Madoff recoveries: Irving Picard’s feats are starting to look almost as amazing as Bernie Madoff’s. The trustee appointed to clean up after the imprisoned Ponzi scheme mastermind is now about half way to recovering the $20 billion or so of actual cash lost by the victims. Recouping the rest doesn’t look entirely out of reach, either.
Picard just scored his biggest coup. When billionaire Jeffry Picower was first sued for his whopping investment gains with Madoff, a longtime friend, he said in court papers the allegations were “unsupported by facts or logic”. But Picower died at 67, a few months after Picard came after him, and his estate agreed last Friday to return $7.2 billion. Including the sale of Madoff’s ill-gotten trinkets, other clawbacks and a settlement with Swiss private bank Union Bancaire Privee, the pot now stands at nearly $10 billion.

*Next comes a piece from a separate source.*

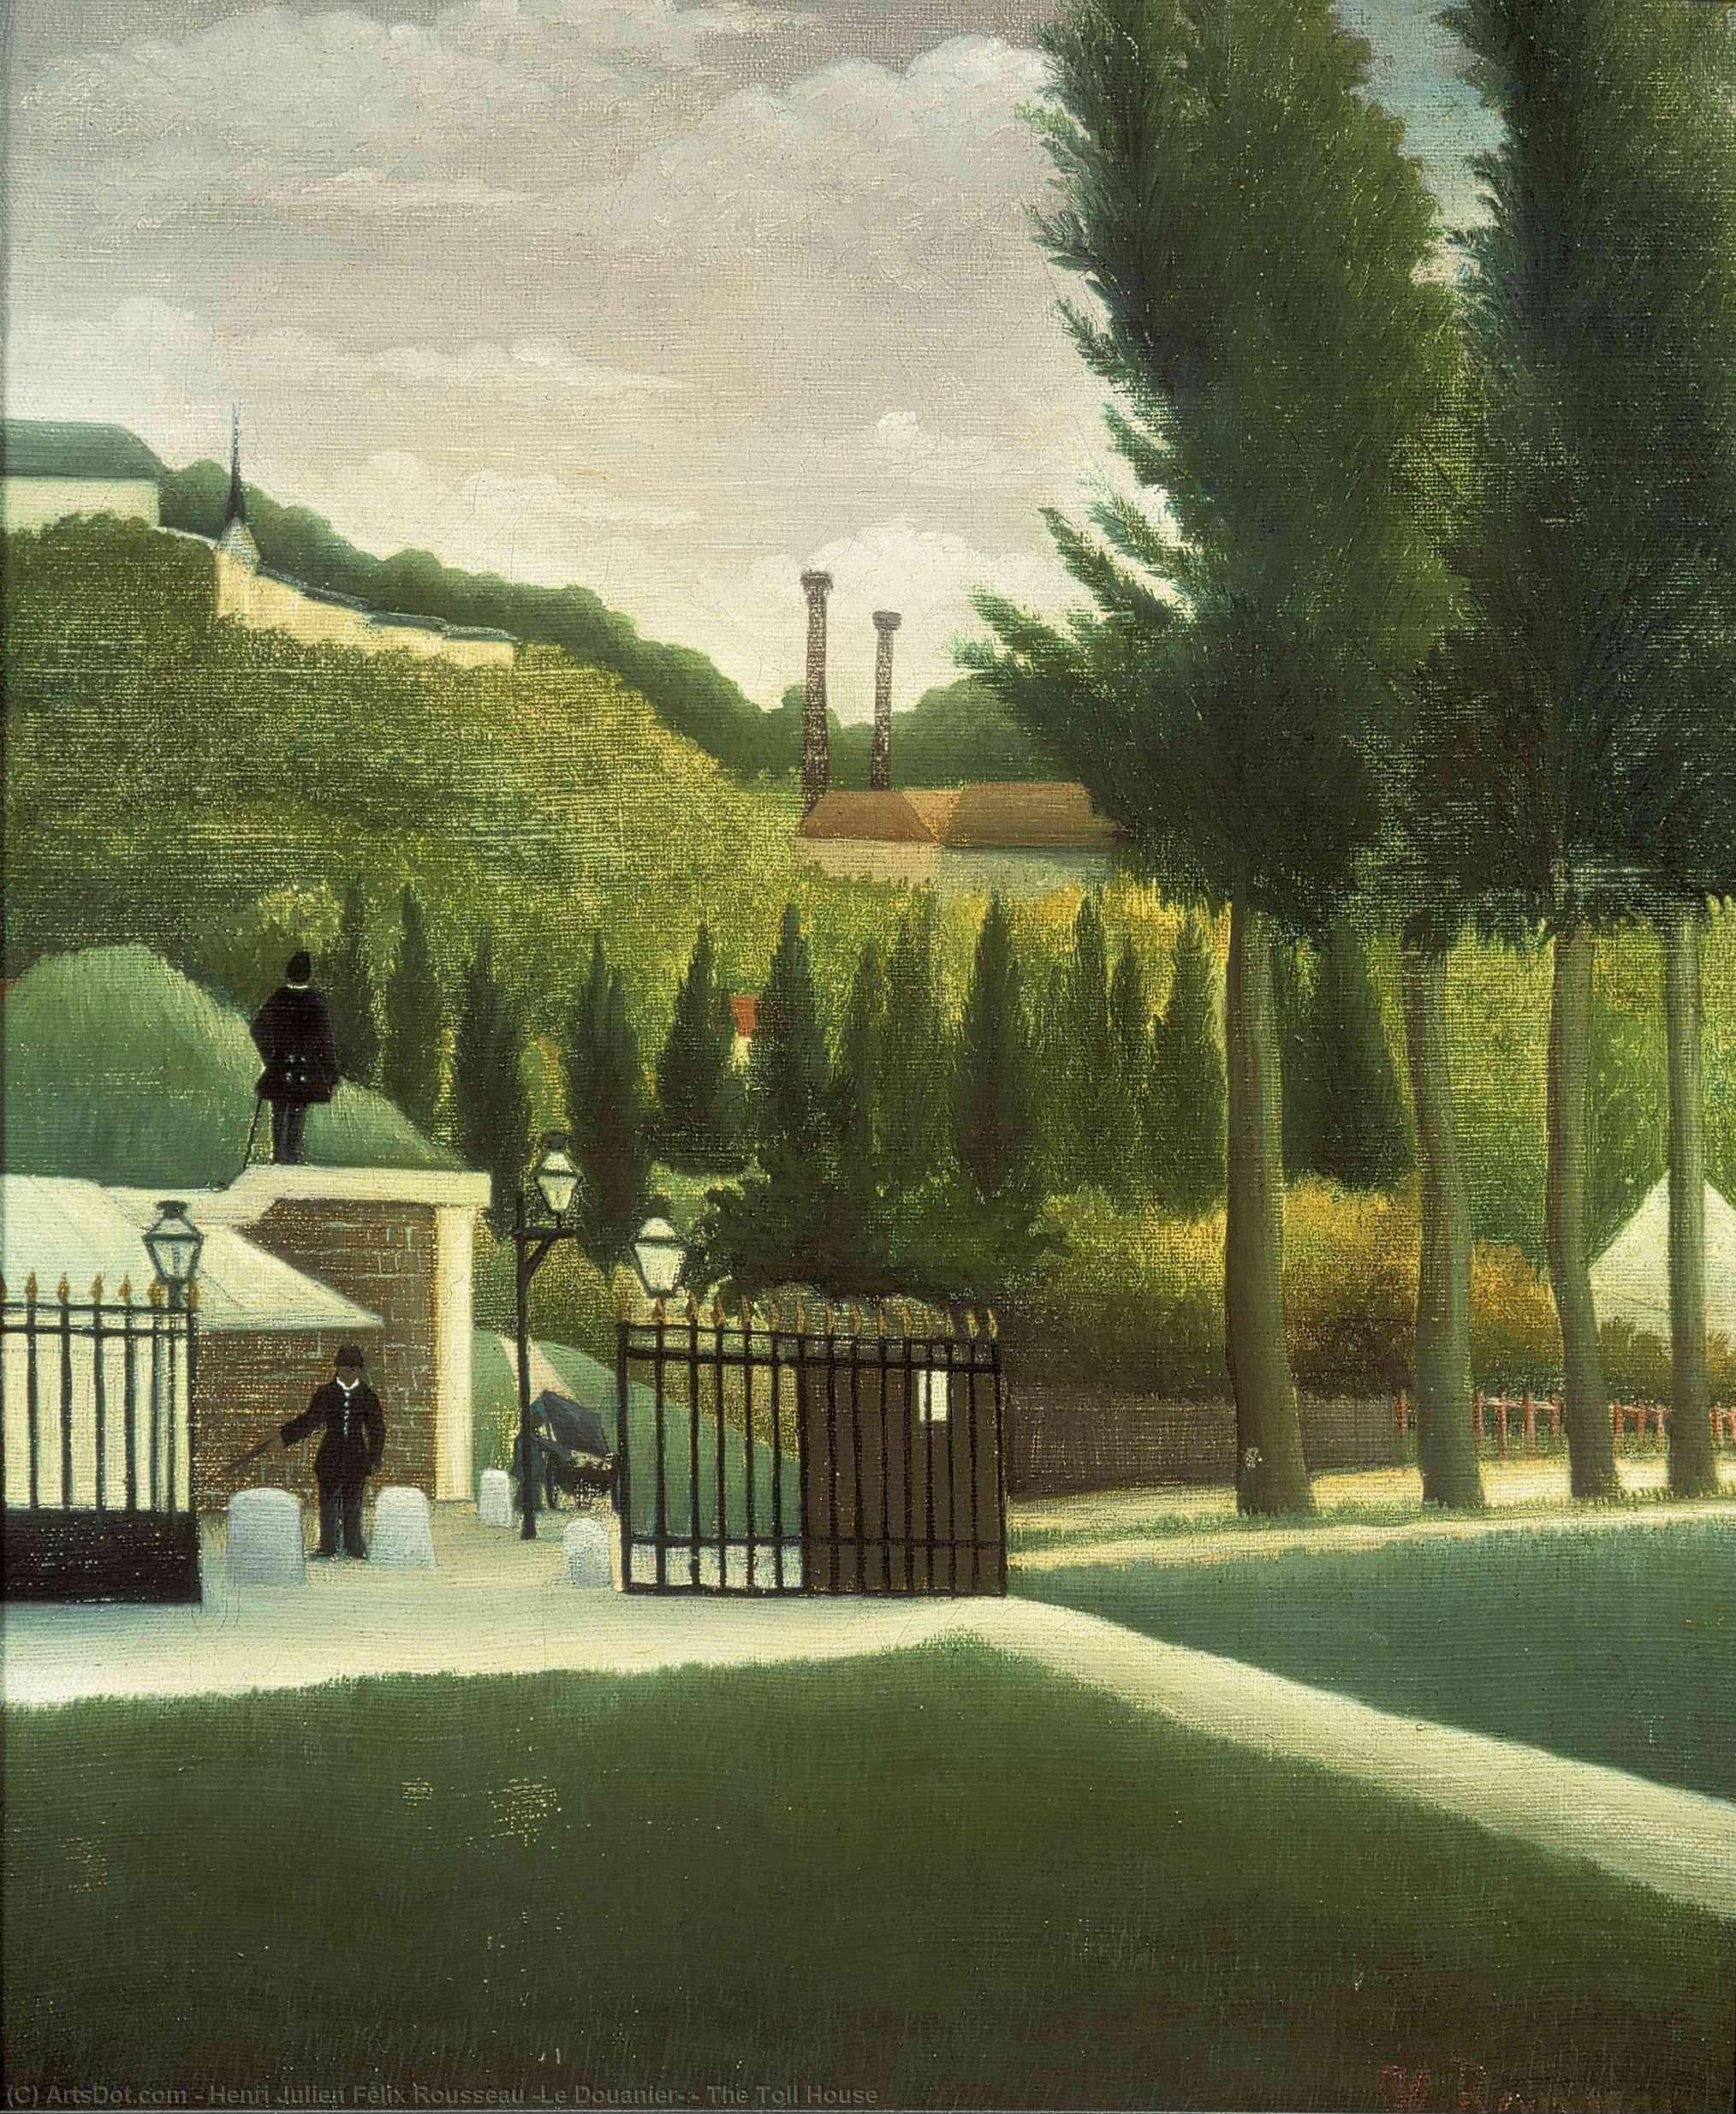 Wikioo.org - The Encyclopedia of Fine Arts - Painting, Artwork by Henri Julien Félix Rousseau (Le Douanier) - The Toll House

Picard may have unearthed the easiest spoils, but his global scavenger hunt is only just beginning. In the last month alone, as his deadline for filing lawsuits approached, the trustee added Austrian banker Sonja Kohn, HSBC, JPMorgan and UBS to a list of targets that already included funds in the Cayman Islands, a dead Hollywood money manager and a bank in Argentina. Picard would need to be awarded or settle for about 25 cents on the dollar from the remaining $40 billion of lawsuits to make up for all the estimated losses.
It is a stretch to think Picard will get anything close to $5 billion from Kohn, characterised in the trustee’s nearly $20 billion suit as Madoff’s “criminal soul mate” in perpetrating his fraud - allegations denied by an Austrian bank connected with Kohn and also named in the suit. Moreover, Picard’s allegations against the big global banks look less clear-cut than was the case in some of his early settlements.
Even if Picard falls short, though, he looks on pace to do right by Madoff victims. Other losing investors don’t usually fare nearly so well. According to a Moody’s analysis of 20 years of prepackaged bankruptcies, creditors recovered about 55 percent of their money. The rate was even lower for regular Chapter 11 cases. When it was revealed, Madoff’s swindle looked an unparalleled if ugly feat of fraud. Picard might yet set an impressive standard in return.